General characteristics
- Type: 32-gun fifth rate
- Tons burthen: 35634/94 bm
- Length: 105 ft 6 in (32.2 m) gundeck; 90 ft 6 in (27.6 m) keel for tonnage;
- Beam: 27 ft 2.5 in (8.3 m)
- Depth of hold: 10 ft 2 in (3.1 m)
- Sail plan: ship-rigged
- Armament: as Built; 4 × 4 demi-culverines on wooden trucks (LD); 20 × sakers on wooden trucks (UD); 4 × 4 minions on wooden trucks (QD);

= HMS Pembroke (1690) =

Ship

HMS Pembroke was a fifth rate built under the 1689 programme built at Deptford Dockyard. Her guns were listed under old terms for guns as demi-culverines, sakers and minions. After commissioning she spent her short career in Home Waters and the West Indies. She was taken by the French and runashore in 1694.

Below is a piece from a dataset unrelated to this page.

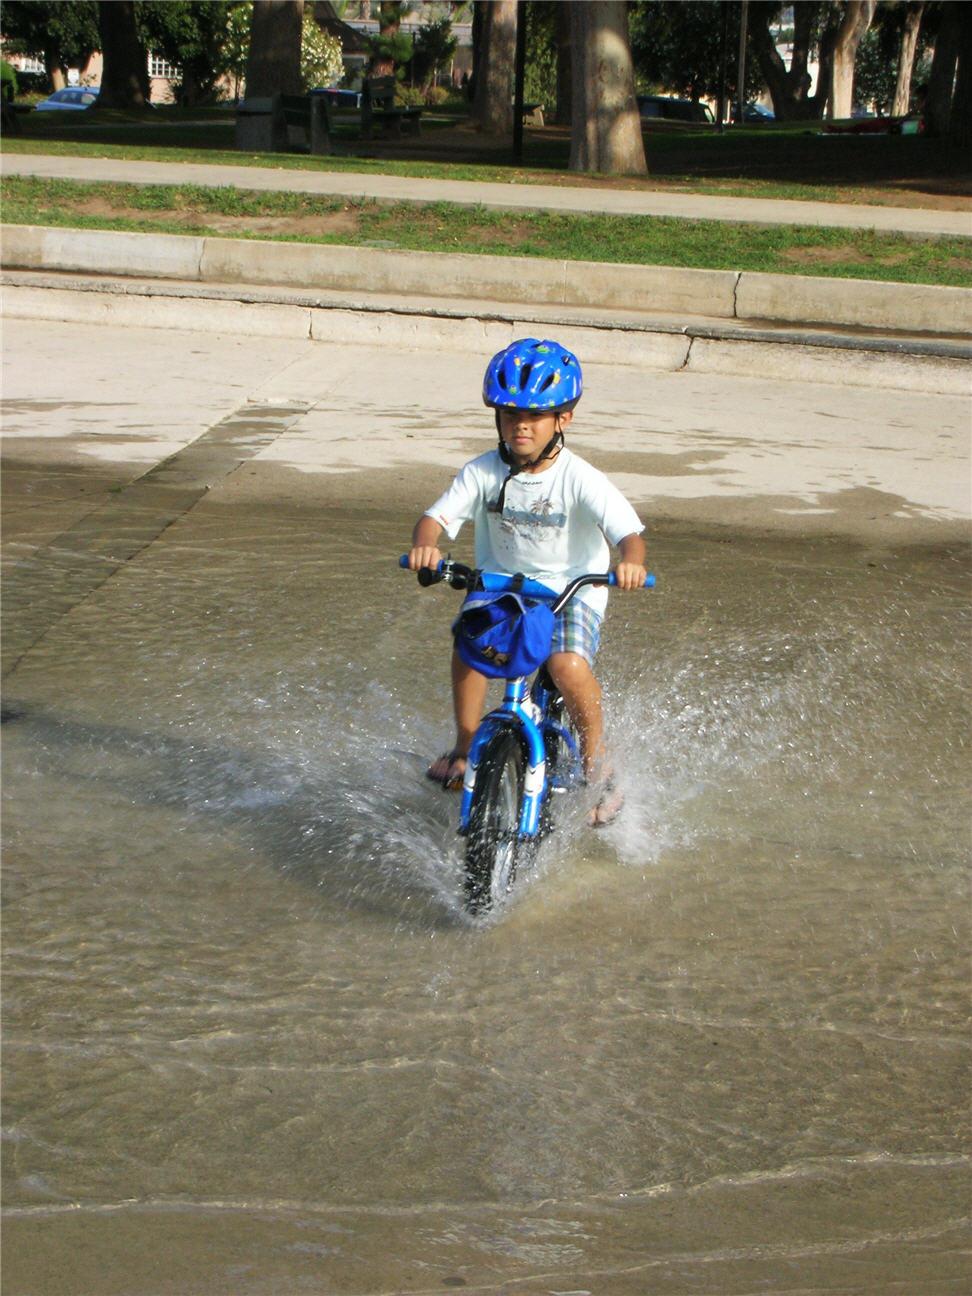 splashing-thru-water-in-brentwood

Pembroke was the second name vessel since it was used for a 28-gun ship launched at Woolwich and sunk due to a collision with Fairfax off Portland in 1667.

==Construction==
She was ordered on 28 June 1689 from Deptford Dockyard to be built under the guidance of Master Shipwright Fisher Harding. She was launched on 3 March 1690.

==Commissioned service==
She was commissioned in 1690 under the command of Captain John Every, RN for service with the Fleet. She was off the Scottish coast in 1691. Her next commander was Captain George Warren, RN for service in Wheeler's squadron in the West Indies. With the death of Captain Warren on 20 April 1693, Captain Francis Hisley, RN took command until he died on 2 May 1693. On 17 January 1694 she came under command of Captain Rodger Bellwood, RN.

==Loss==
HMS Pembroke was taken by a 40-gun French privateer Le Louis off the Lizard on 23 February 1694 then run ashore.